_About this task:_ Please set down the data word for word; images do not go in the copy.

----- Provided data -----

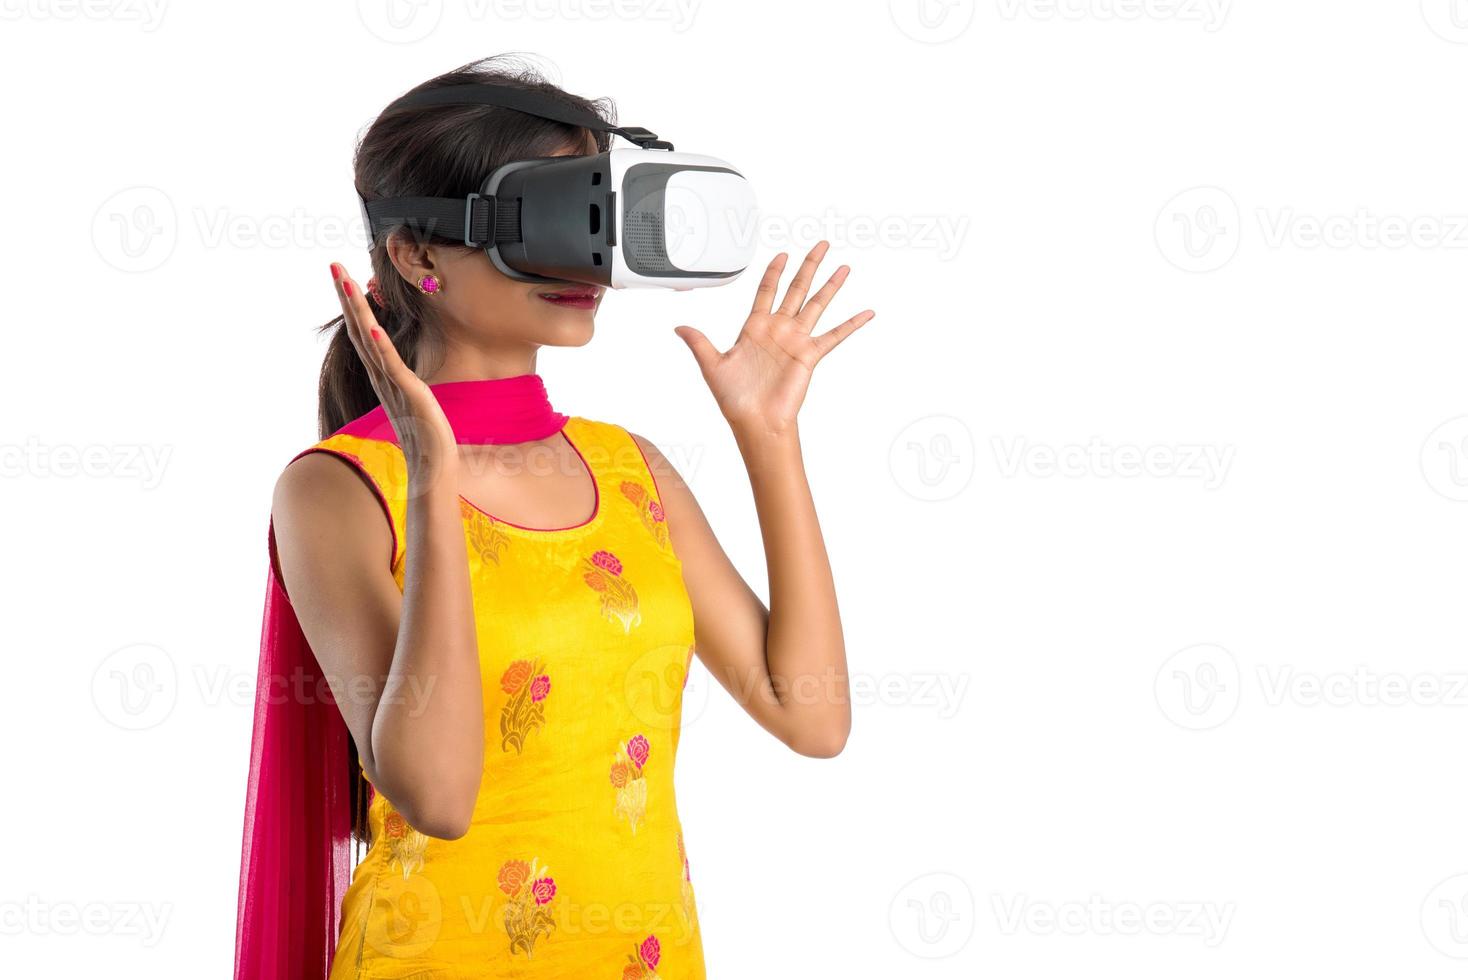 jovem tradicional indiana segurando e mostrando o dispositivo de vr, caixa de vr, óculos de proteção, fone de ouvido de óculos de realidade virtual 3d, garota com tecnologia futura de imagem moderna em fundo branco. foto
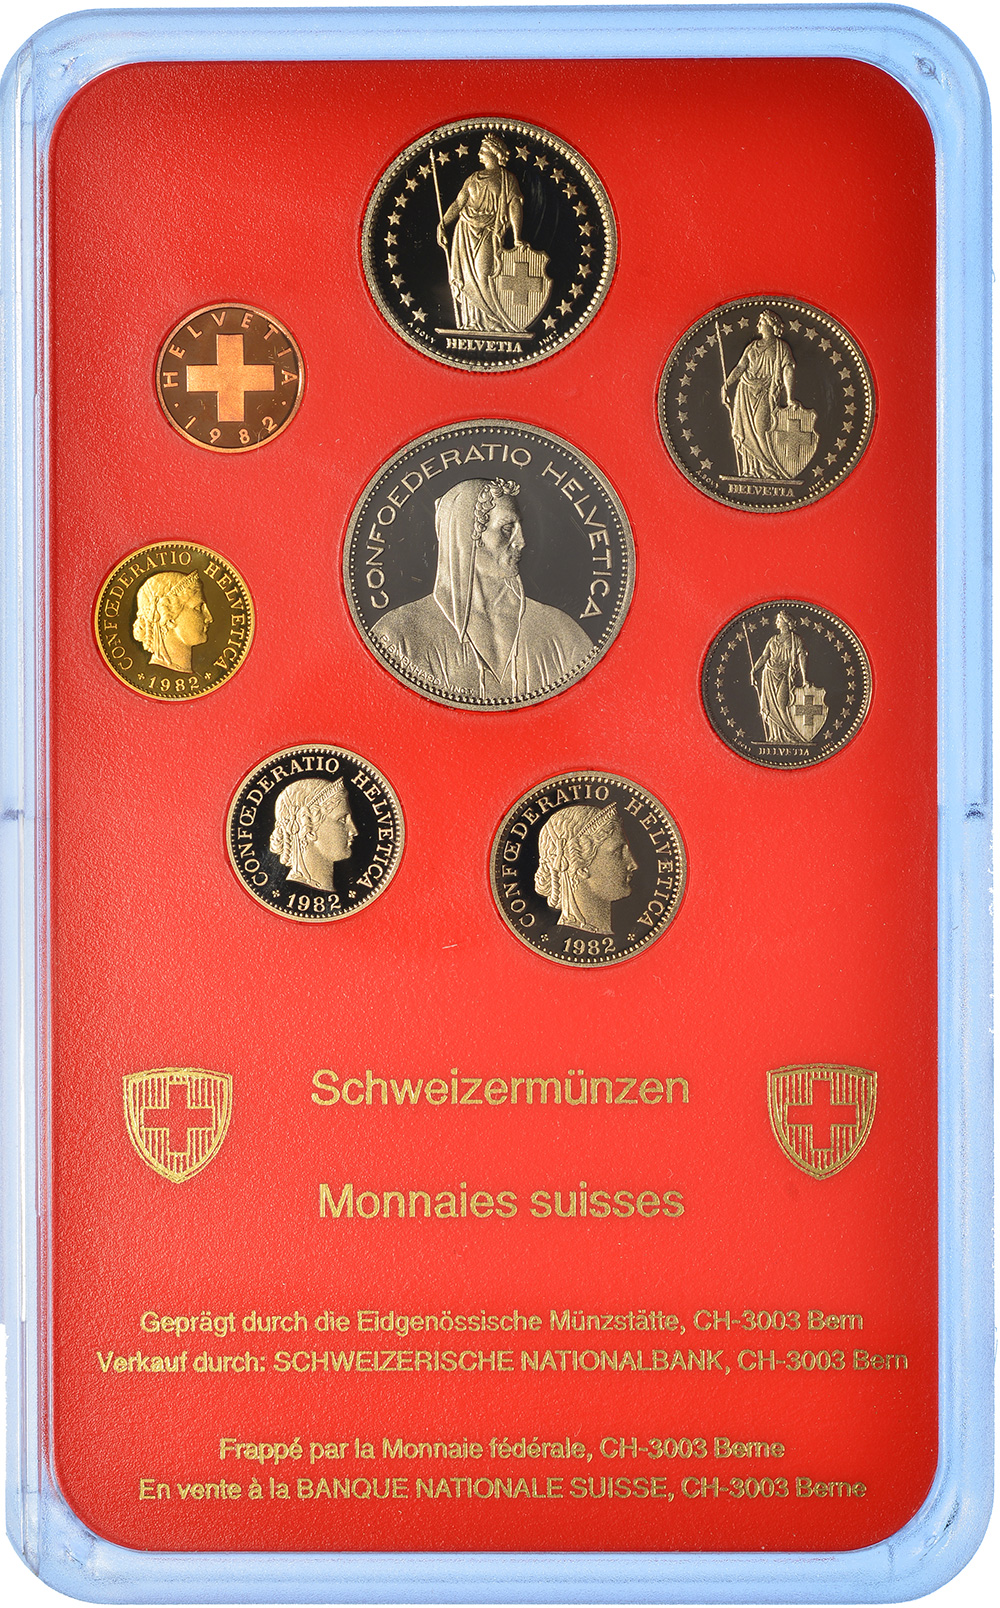 Münzensatz, 1982, Polierte Platte, Kupfer/Nickel
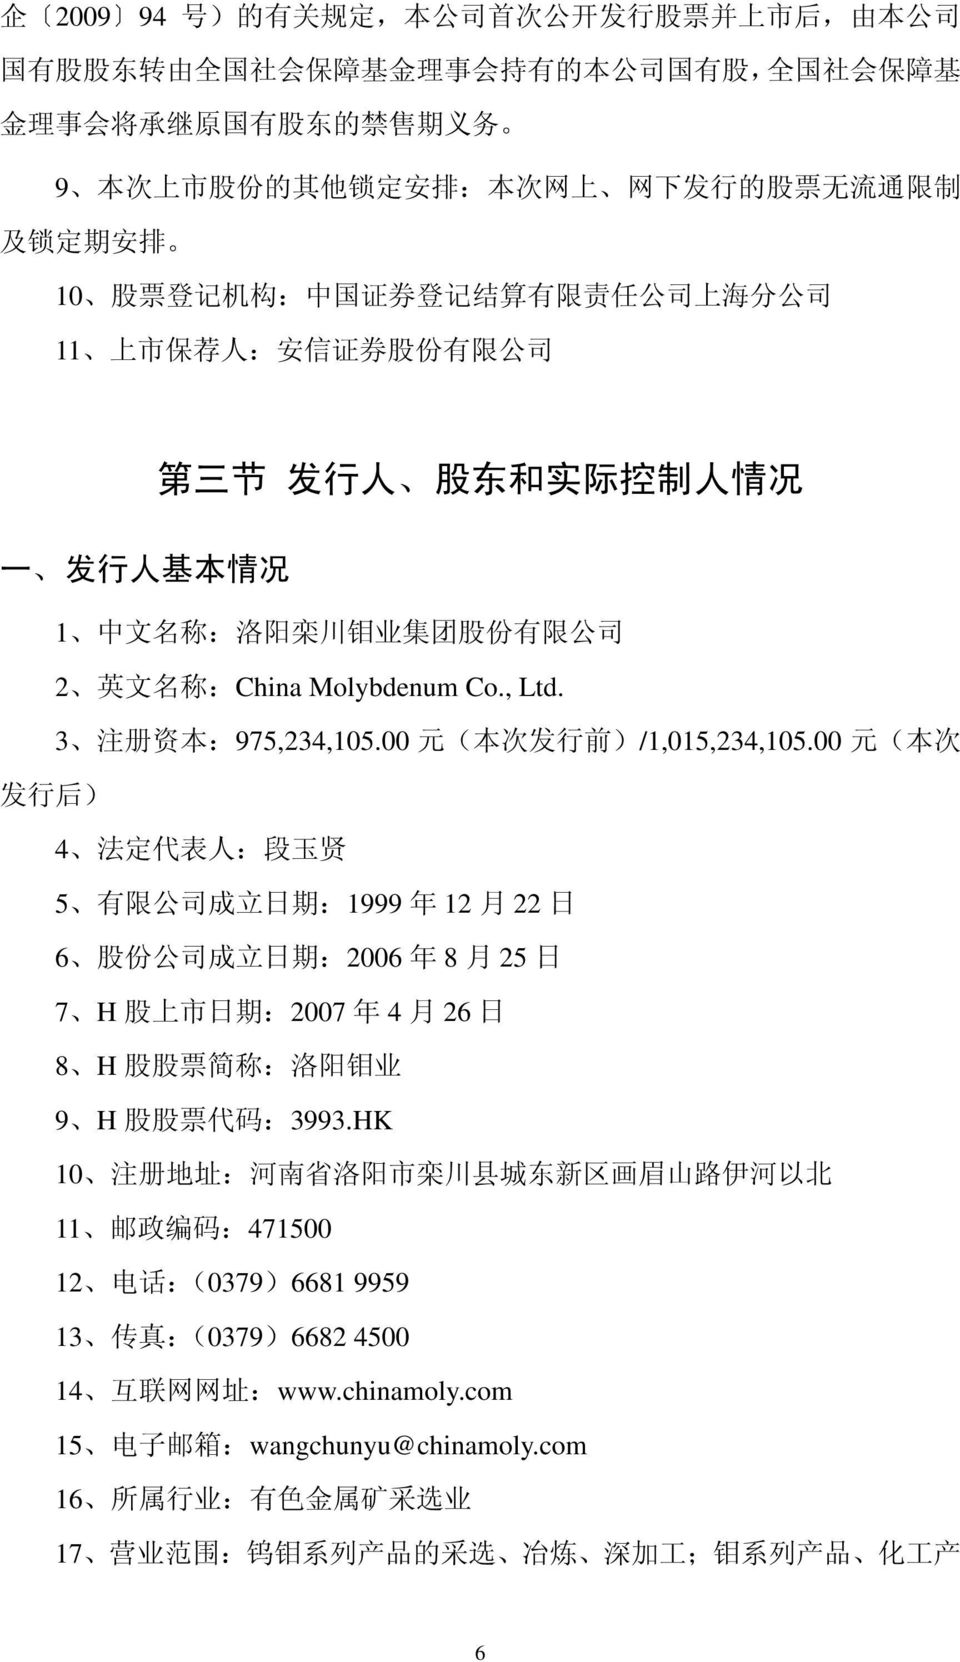 川 钼 业 集 团 股 份 有 限 公 司 2 英 文 名 称 :China Molybdenum Co., Ltd. 3 注 册 资 本 :975,234,105.00 元 ( 本 次 发 行 前 )/1,015,234,105.
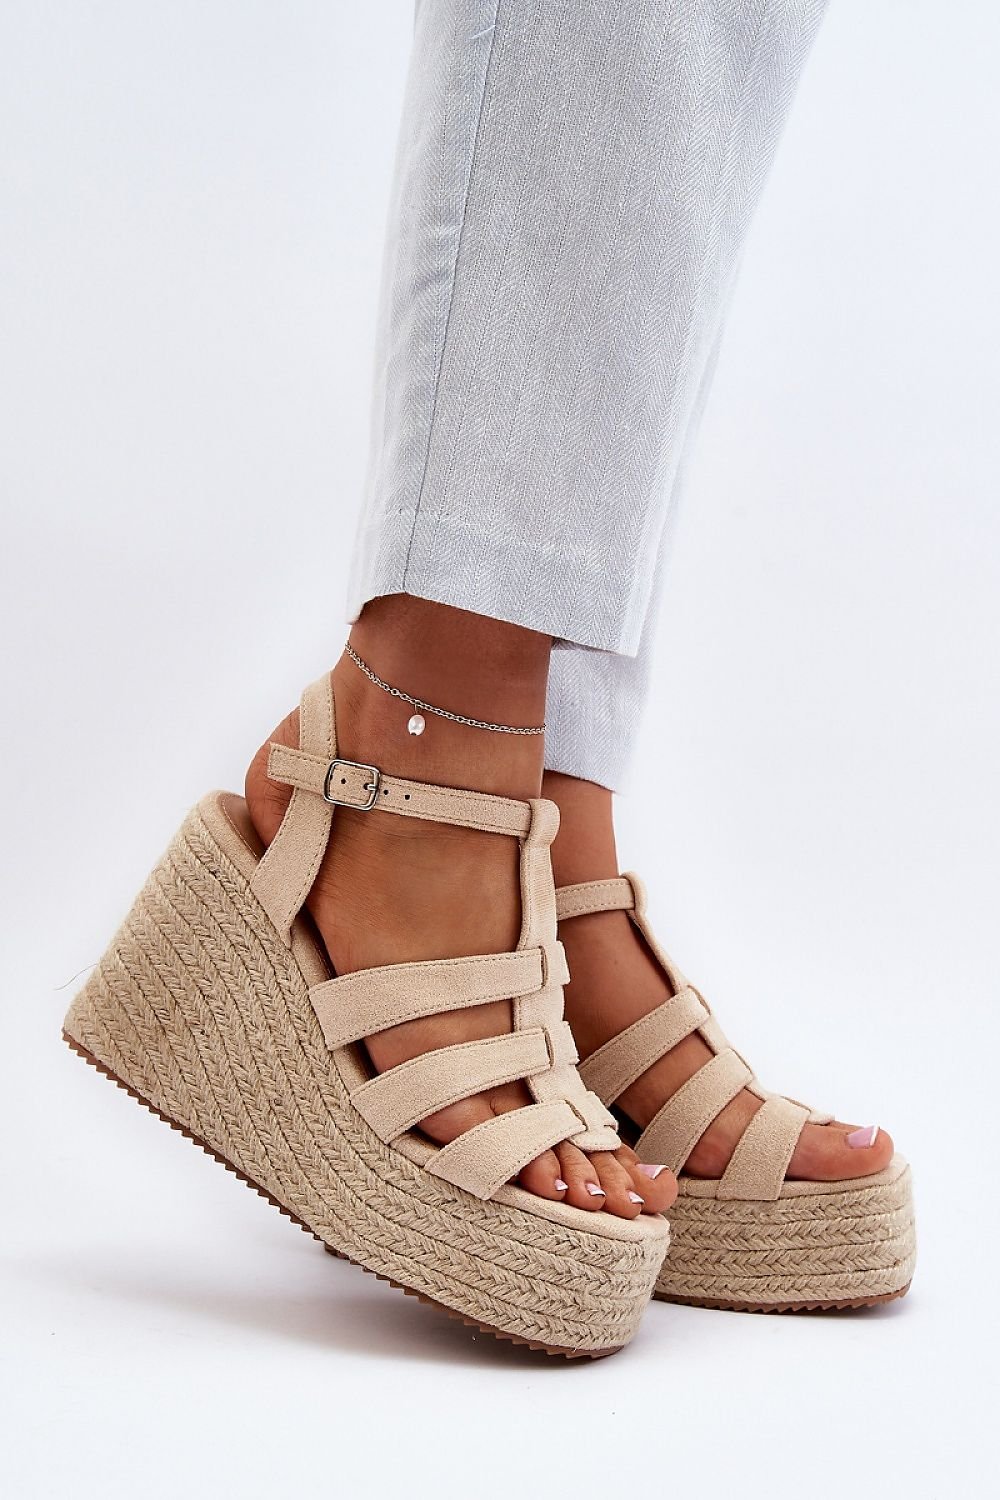 Step in Style Buskin: Elegant Platform Sandals for Ultimate Comfort

-----

_Answer below:_
 jovem tradicional indiana segurando e mostrando o dispositivo de vr, caixa de vr, óculos de proteção, fone de ouvido de óculos de realidade virtual 3d, garota com tecnologia futura de imagem moderna em fundo branco. foto
 Münzensatz, 1982, Polierte Platte, Kupfer/Nickel
 川 钼 业 集 团 股 份 有 限 公 司 2 英 文 名 称 :China Molybdenum Co., Ltd. 3 注 册 资 本 :975,234,105.00 元 ( 本 次 发 行 前 )/1,015,234,105.
 Step in Style Buskin: Elegant Platform Sandals for Ultimate Comfort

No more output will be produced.